The plastic within which the candies have been wrapped is also significant. It reminds many, who saw the works at the time, of the masses of ‘plastics’ (condoms) given out ‘like candy’ throughout the gay community in Los Angeles. Others have said that the act of eating such a compartmentalised confectionary off a gallery floor (which one would not normally do) bears witness to the stigma against HIV-positive individuals. González-Torres is basically asking us: You wouldn’t eat unwrapped candy off the floor? Even today, the notions of ‘clean’ and ‘dirty’ affect those who are HIV-positive. The colours of the wrappers are also relevant. In other works, such as “Untitled” (USA Today) he uses red, white, and blue wrappers to symbolise the USA, whereas, in “Untitled” (Portrait of Ross in L.A.) they were multicoloured. I see this as a direct reference to the rainbow Pride flag and possibly a comparison to the diversity of the LGBTQ+ community.

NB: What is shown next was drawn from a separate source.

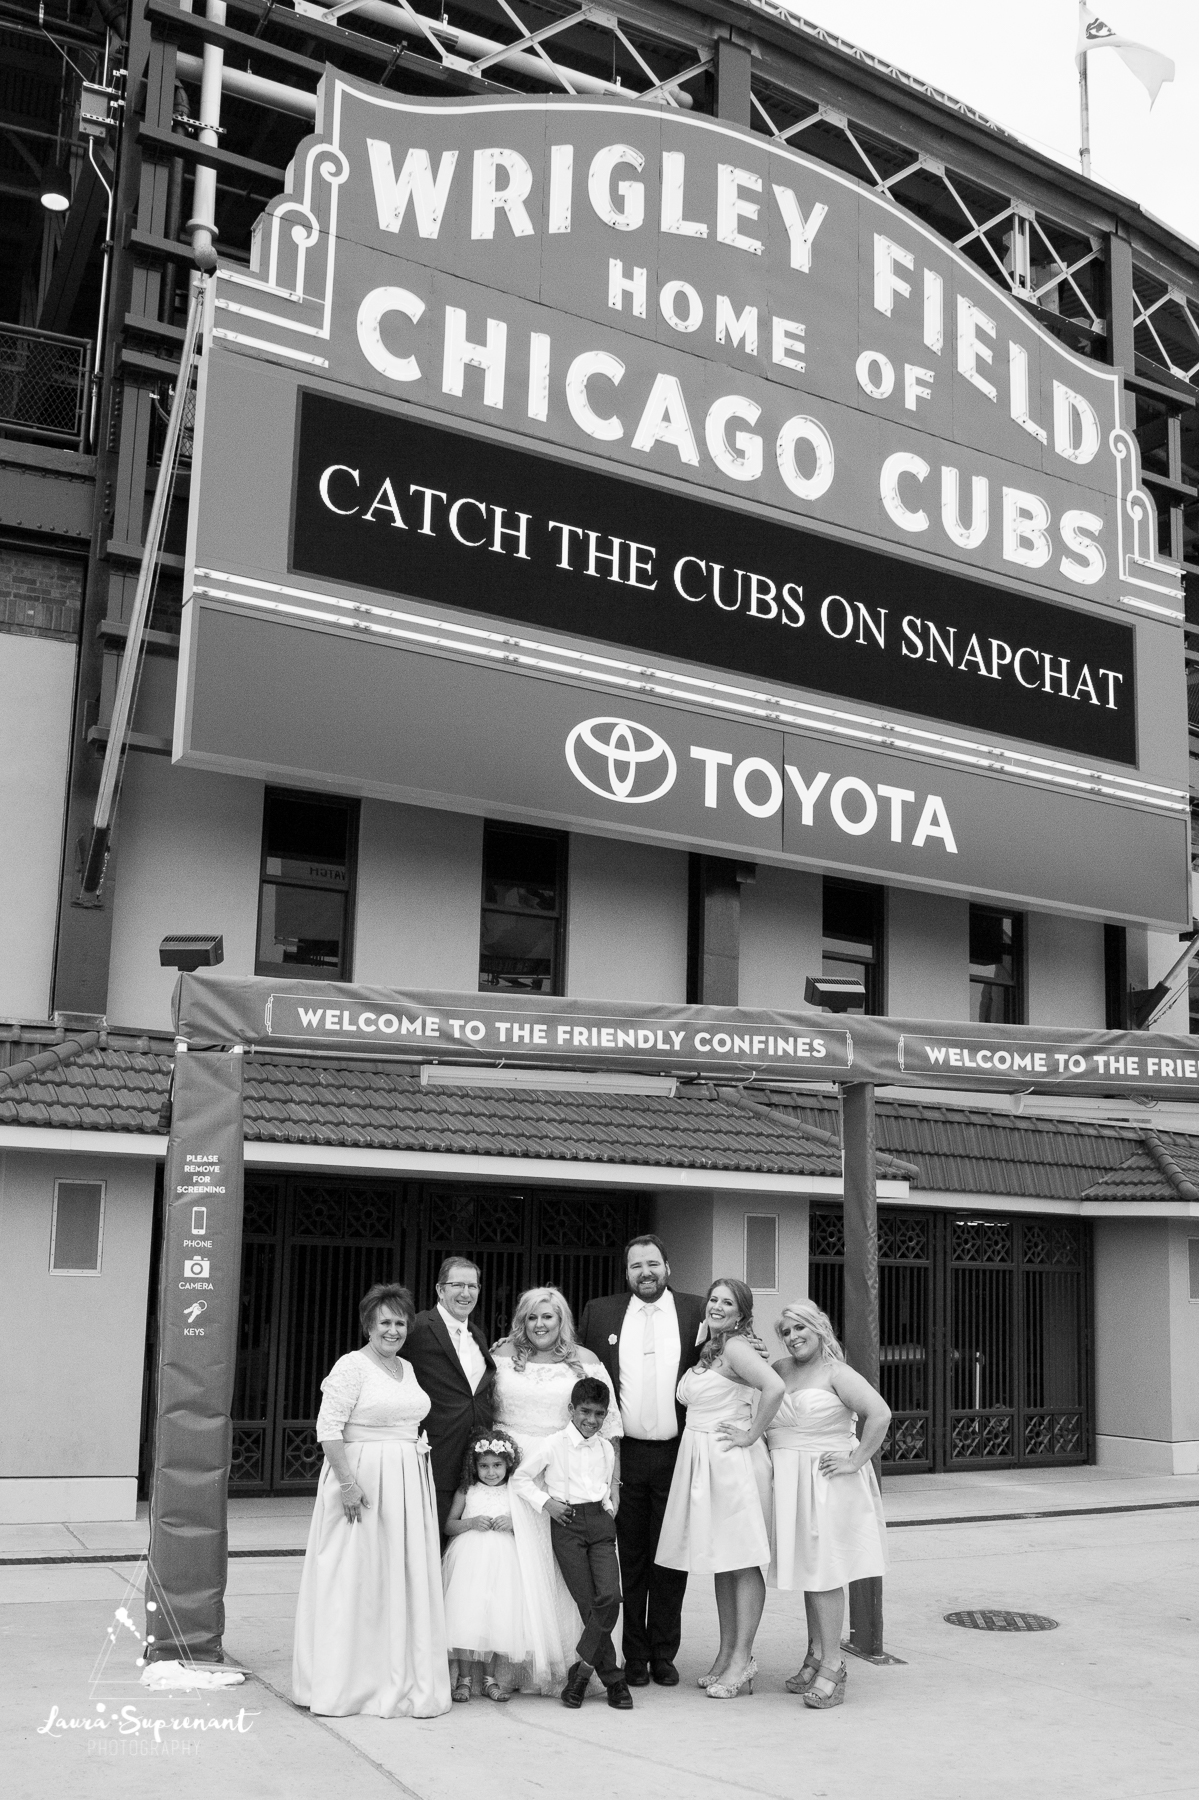 wedding_photography_chicago_wrigley_field_ravenswood_event_center_laura_suprenant (39 of 82).jpg

Mass production and cultural heritage play a role in this piece also. González-Torres actively wanted to avoid the American stereotype of South American art as vibrant, busy, and colourful by using simple, usually monochromatic, mundane objects. The plastic material, uniformity of form, and ‘ready-made’ replicability of the sweets comments on the rise of modern consumerism. In his instructional contracts, he would outline how the installation’s medium was an “endless supply”, just like the ubiquitous production of identical goods found in every corner of the USA. 

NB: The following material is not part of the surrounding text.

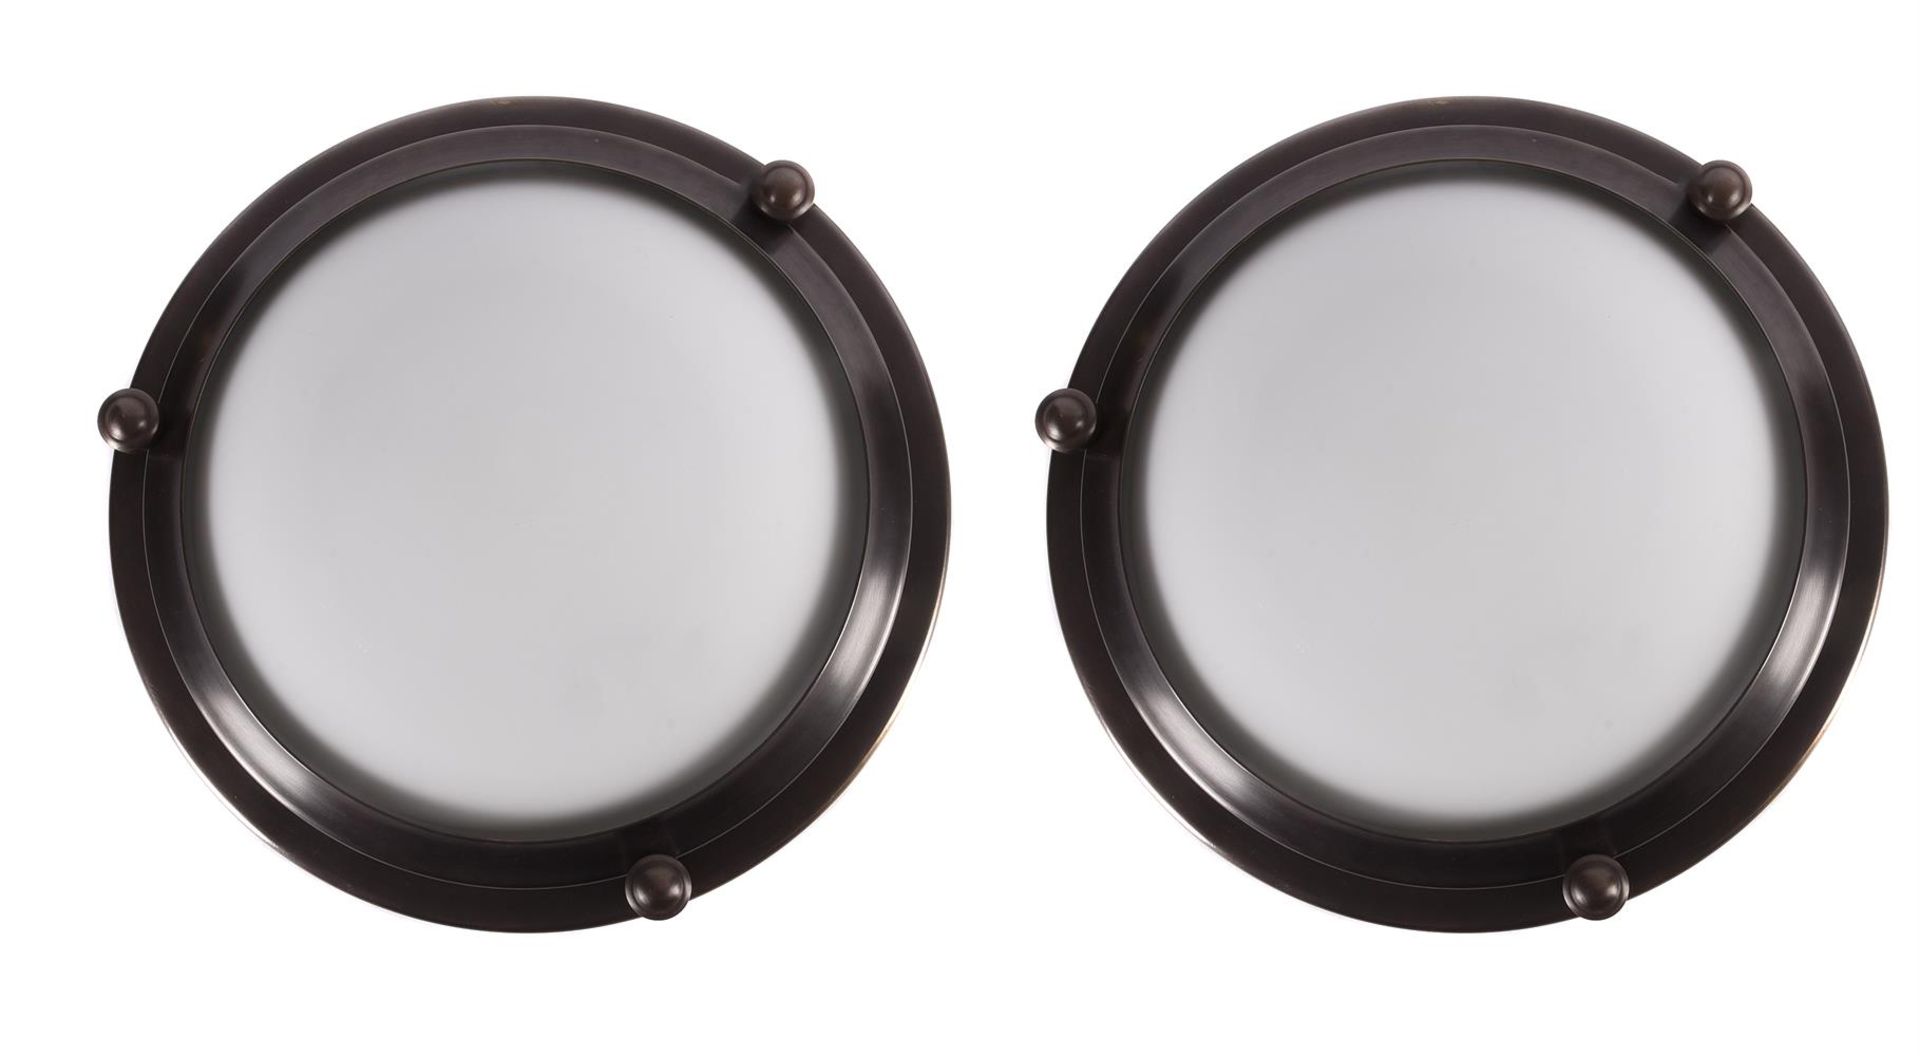 BESSELINK & JONES, A PAIR OF BRONZED METAL CEILING LIGHTS WITH FROSTED GLASS DOME SHADES

Finally, I would like to end with a quote from an interview in 1995, in which González-Torres says the following regarding his work being featured in an exhibition at the Guggenheim in New York City: “I’m gay. But I don’t make work about being gay … [I] just include it … [I make the work about being] In love with a man … it’s very political. Because you are going against the grain of what you are supposed to be doing. You are not supposed to be in love with another man, to have sex with another man. … [My art] is sentimental, but it’s also about infiltration. It’s beautiful; people get into it. But then, the title or something, if you look really closely at the work, gives out that it’s something else.” In my opinion, this demonstrates his desire to circumvent the anti-gay narrative and divulge his art to a wider audience, whilst leaving hints for those eagle-eyed LGBT-few. So, now over to you. Next time you see a pile of sweets spilling out of a bag, or a pile of haphazardly placed everyday objects, think about what they could symbolise. Or think of what ordinary things you could use to convey a deep meaning of something important to you.